### Task objective
Nothing but the lines below from the one that contains "1989 р. Панорама з південного заходу" through the one that contains "Isola di Minorca" should be retyped, exactly and including both ends. Do not include pictures.

### Data supplied
※

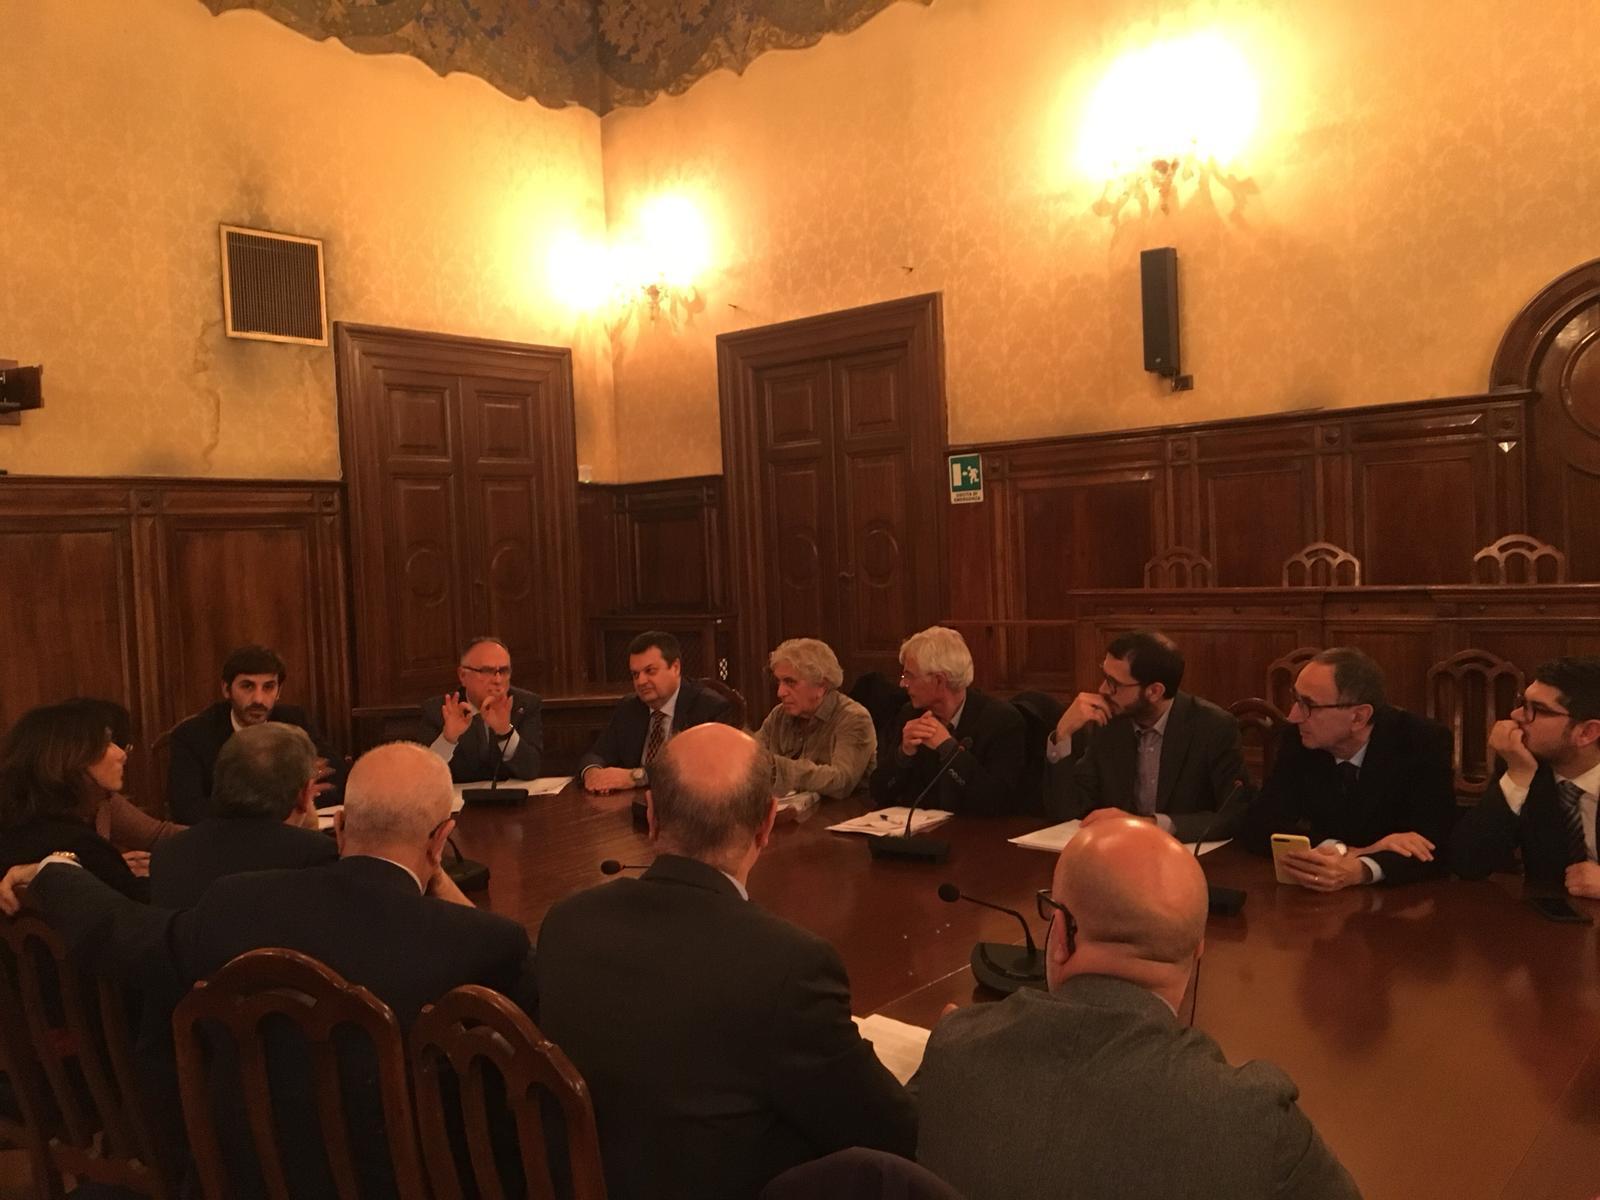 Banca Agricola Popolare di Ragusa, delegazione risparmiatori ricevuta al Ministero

※

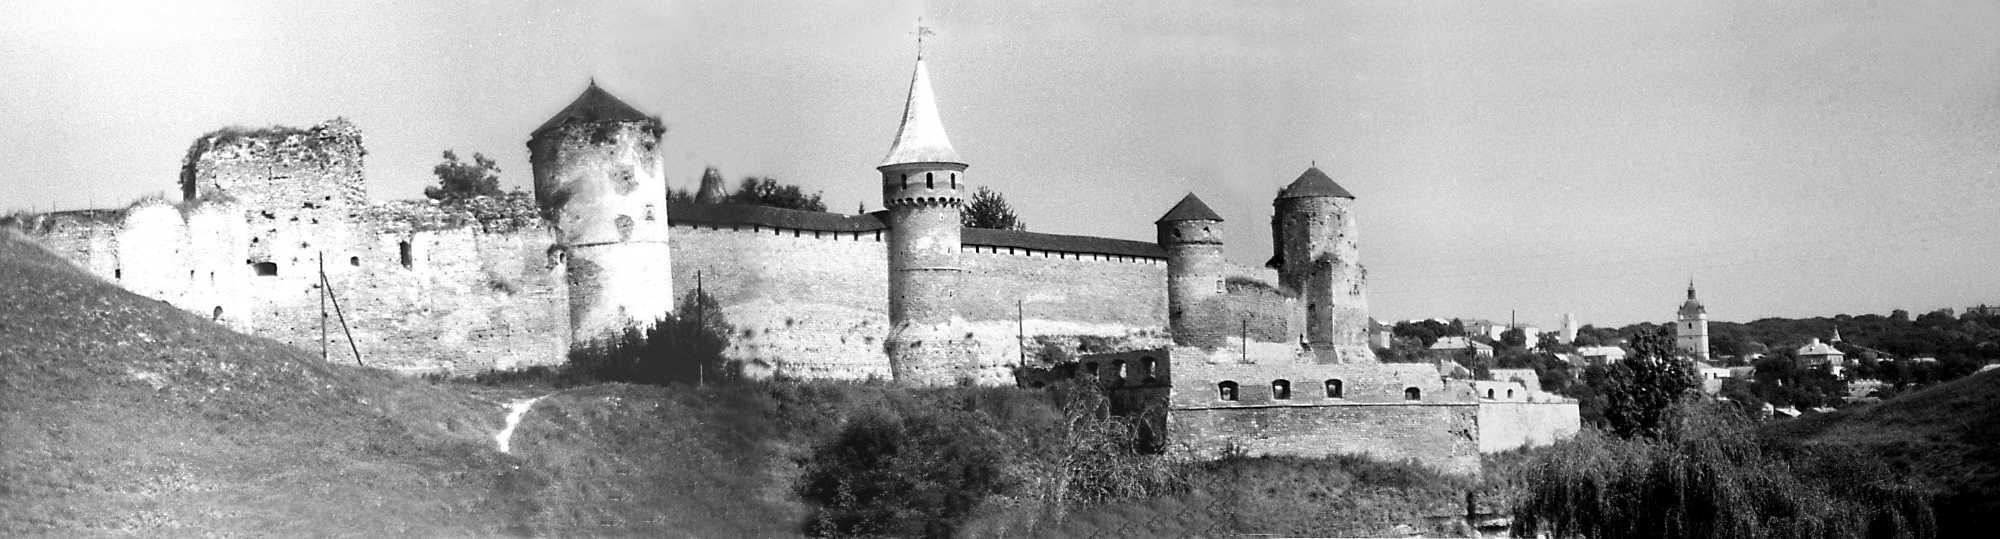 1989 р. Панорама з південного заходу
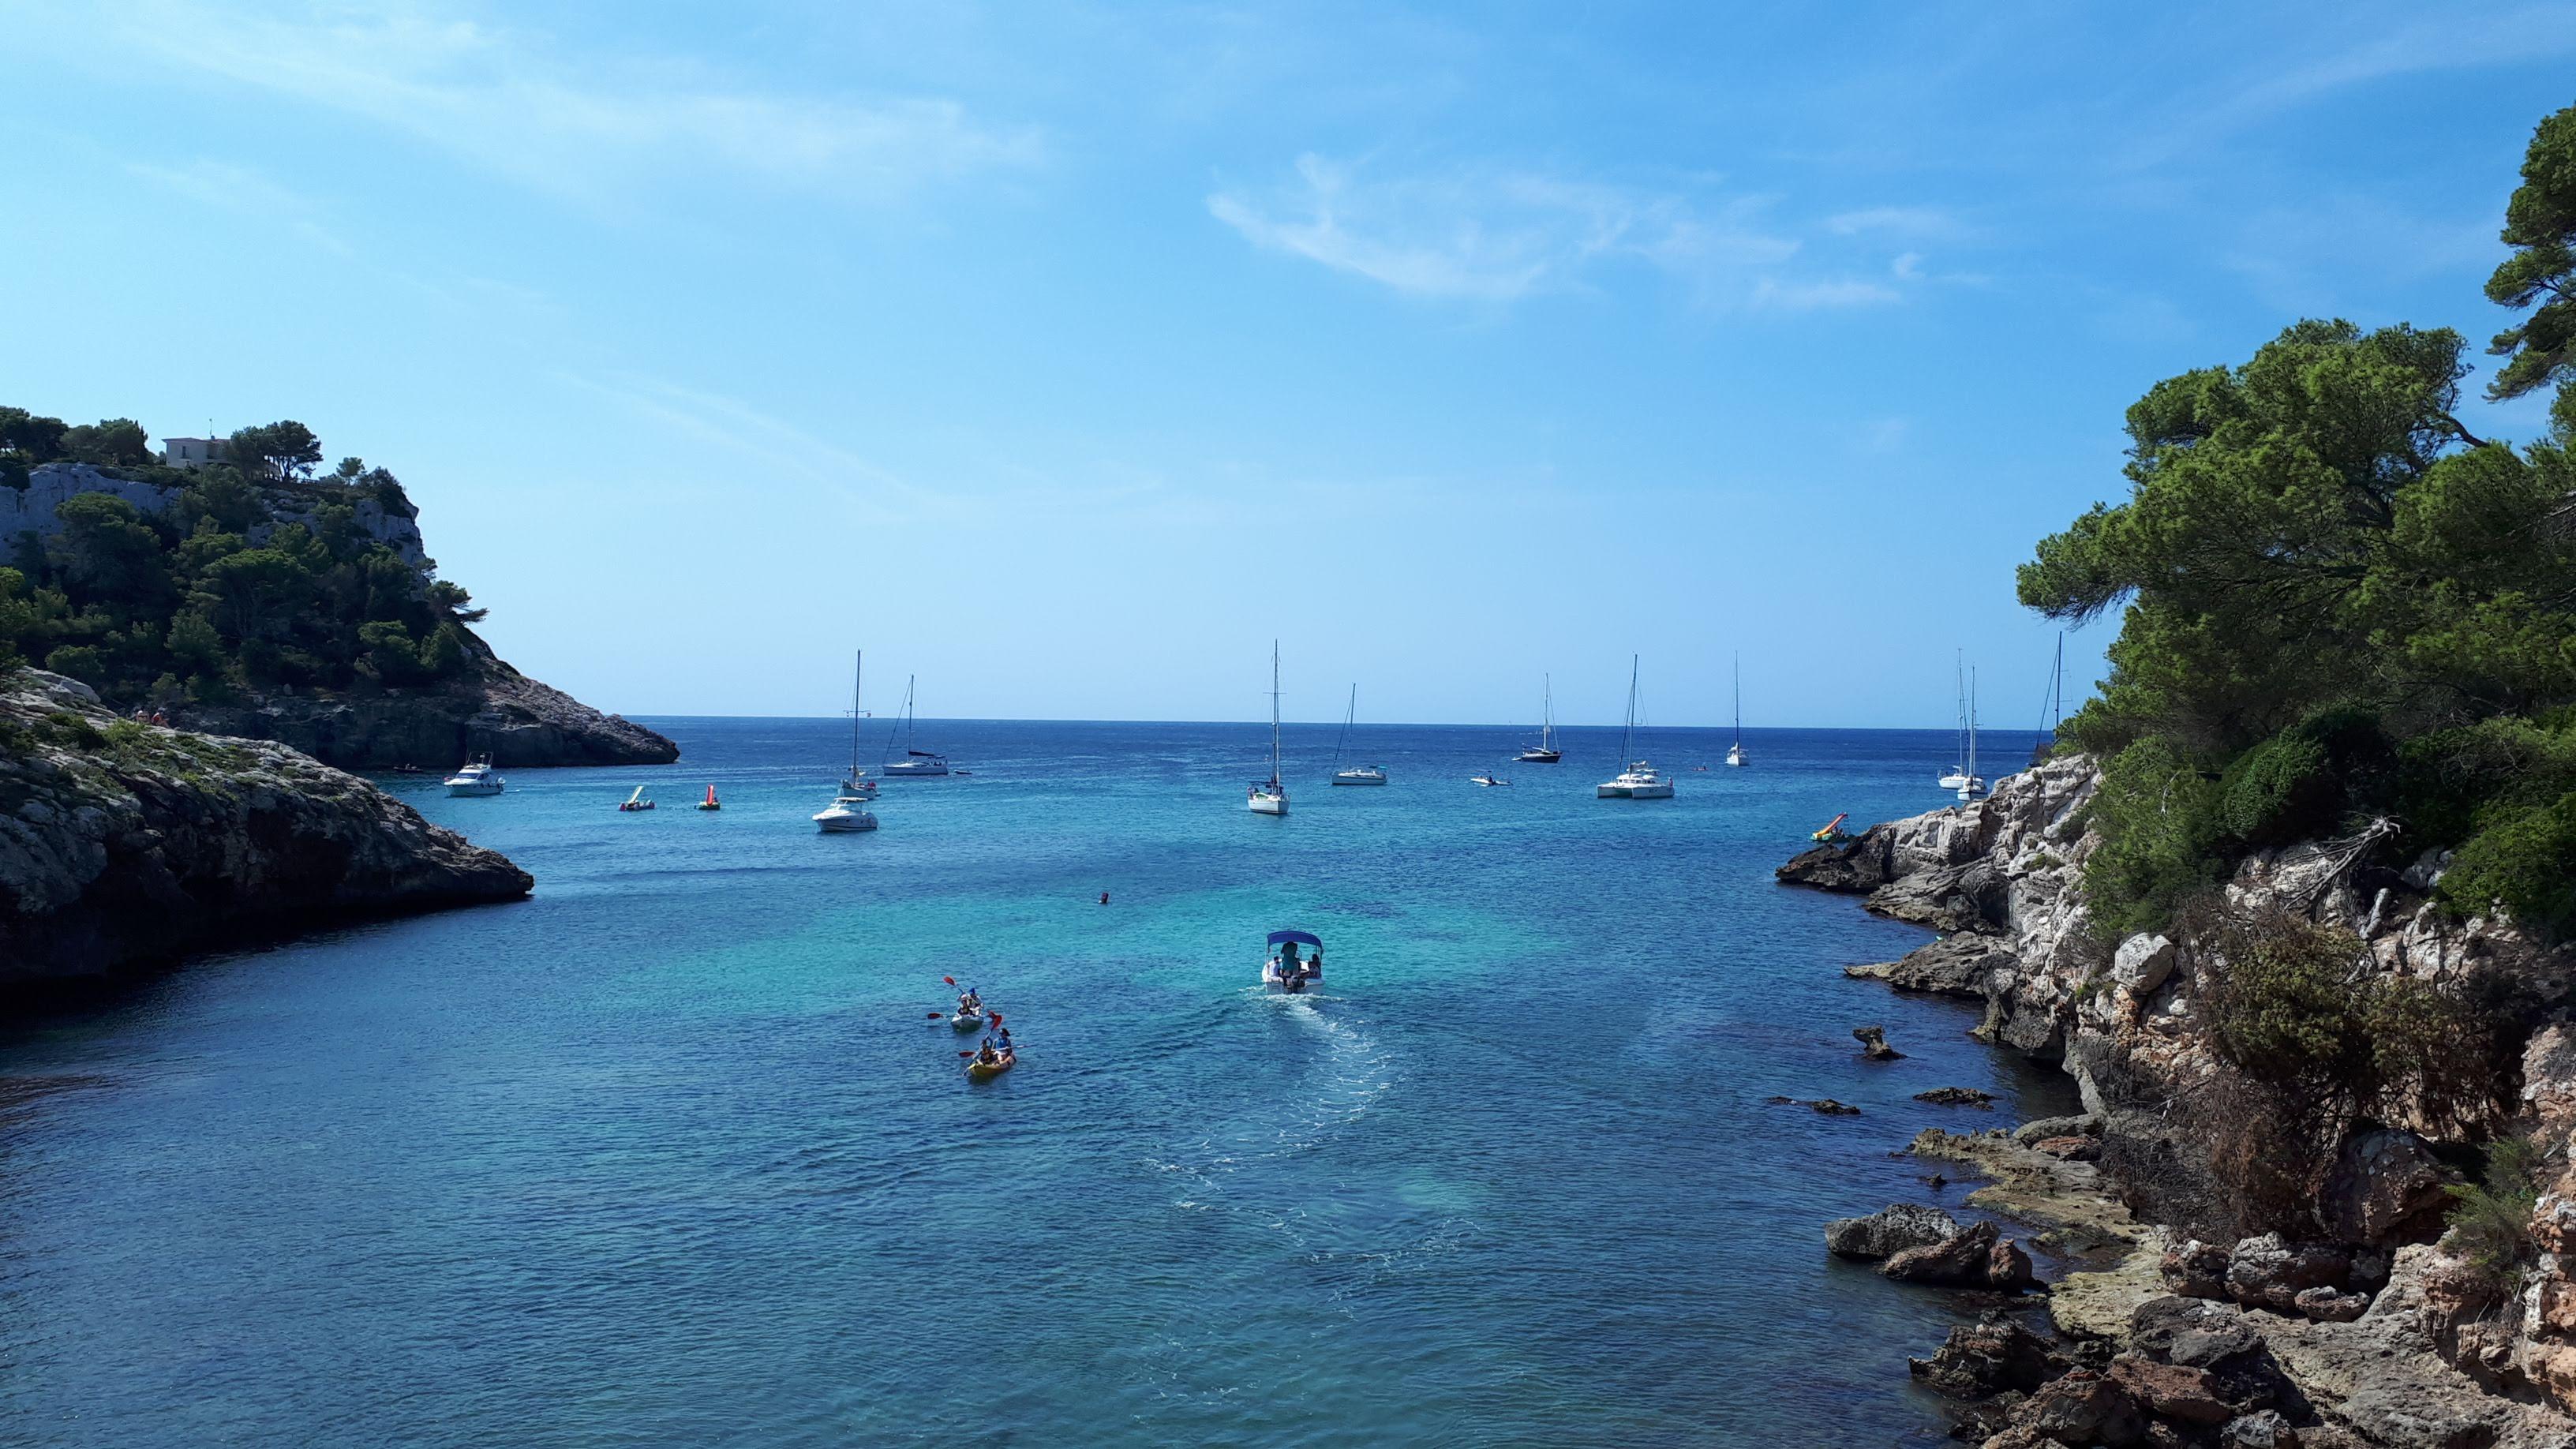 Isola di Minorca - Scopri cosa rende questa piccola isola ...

※

### Answer for the task
 1989 р. Панорама з південного заходу
 Isola di Minorca - Scopri cosa rende questa piccola isola ...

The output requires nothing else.